Some in these countries have, however, claimed that moves towards greater toleration of sexual diversity is a form of recolonisation. This is partly informed by a Western framing of LGBTQ+ histories within a somewhat teleological narrative around certain key events (mostly located in North America). This is a narrative that often focuses on shifts in social attitudes and policy. Unintentionally it risks turning LGBTQ+ lives into distinctly contemporary and Western ones, which is clearly not the case historically. Unfortunately, this framing helps to explain the great variations in responses to a disease which has killed millions more people than COVID-19, the pandemic of the AIDS crisis. In the West, the AIDS crisis paradoxically contributed to greater acceptance of gay lives, whilst revealing disturbing hierarchies in treatment which continue to disadvantage BME sufferers. Similar hierarchies, and misguided narratives around transmission, also inhibited treatment in Africa. These were exacerbated there by a whole range of factors, including the determination of many leading policymakers to frame homosexuality as both unnatural and unAfrican. Such frameworks helped to produce far more deaths than might otherwise have been the case, as well as the continuing oppression of LGBTQ+ people in many African states.
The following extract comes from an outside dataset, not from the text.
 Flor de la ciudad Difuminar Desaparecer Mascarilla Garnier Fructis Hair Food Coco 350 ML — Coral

Part of that context was an unwillingness to accept that AIDS, though largely transmitted through heterosexual contact in Africa, was also affected by same-sex relations. As Christine Stegling (Director of the International Treatment Preparedness Coalition) put it: ‘The reality is that there are men who have sex with men in Africa, just as there are everywhere, but because of the stigma, they marry and otherwise remain hidden.’ The reality is that this has been the historical and contemporary experience in many societies, not least in the West, and not just among those who openly identify as bisexual. There are not necessarily hermetic seals between different sexual identities and behaviours, either now or in the past, though there have often been covert ones.
LGBTQ+ histories accordingly cannot be seen as a distinctive sub-theme, somehow sealed off from mainstream history. This may be defensible in explorations of, for instance, queer sub-cultures. Yet even these interact, for instance, with histories of theatre, the night-time economy, print culture, of emotions and so on.
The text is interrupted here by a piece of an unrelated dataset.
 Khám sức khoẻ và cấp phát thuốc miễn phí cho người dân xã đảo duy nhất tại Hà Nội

LGBTQ+ experiences are very much part of human history in general. Exploring them should help us to think both synchronically and diachronically about human experience without reflecting overly the normative assumptions of our own subjective time and place.
Usualising diversity
Challenging these normative assumptions includes, for me, being invited recently to talk to an architectural practice about ‘Queering Public Space’: that space which is so often shaped by capitalist property transactions and heterosexual male assumptions, behaviours and design aesthetics. Nonetheless, most of my public speaking and broadcasting continues to be in other areas. I was very nervous when I went on television for the first time after transitioning! However, I think it is important that the public see trans people talking about non-trans issues. We need to usualise their experience of us – and indeed see ourselves as usual.
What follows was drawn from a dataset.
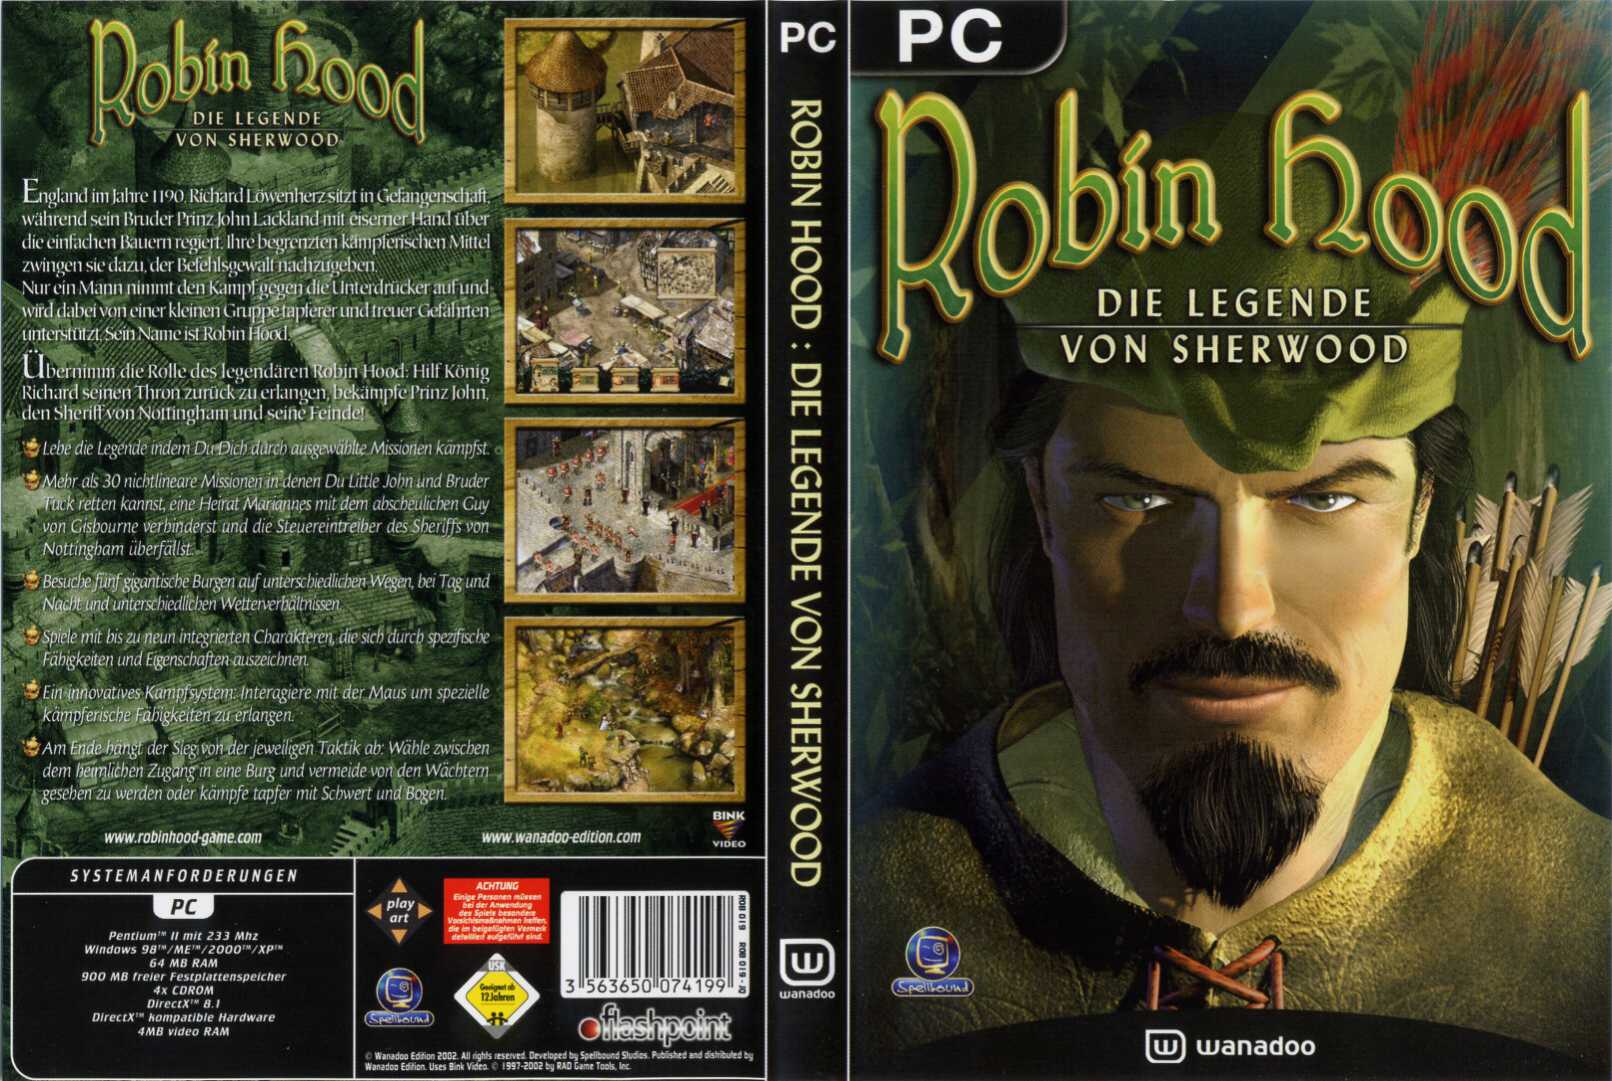 Robin Hood Die Legende von Sherwood DVD | PC Covers ...

Nevertheless, all LGBTQ+ people continue to carry a kind of invisible label that expresses our conscious sense of difference in a society still widely acculturated to homogenising pressures. Difference and diversity continues to be seen as scary because it subverts structures and assumptions. Revealing these structures for the constructs that they are is part of the process of challenging hegemonic societal frameworks for all society, not just LGBTQ+ people. In the process hopefully society can be moved steadily towards accepting diversity and difference. This would certainly be better than conforming and hiding, as I did for far too long.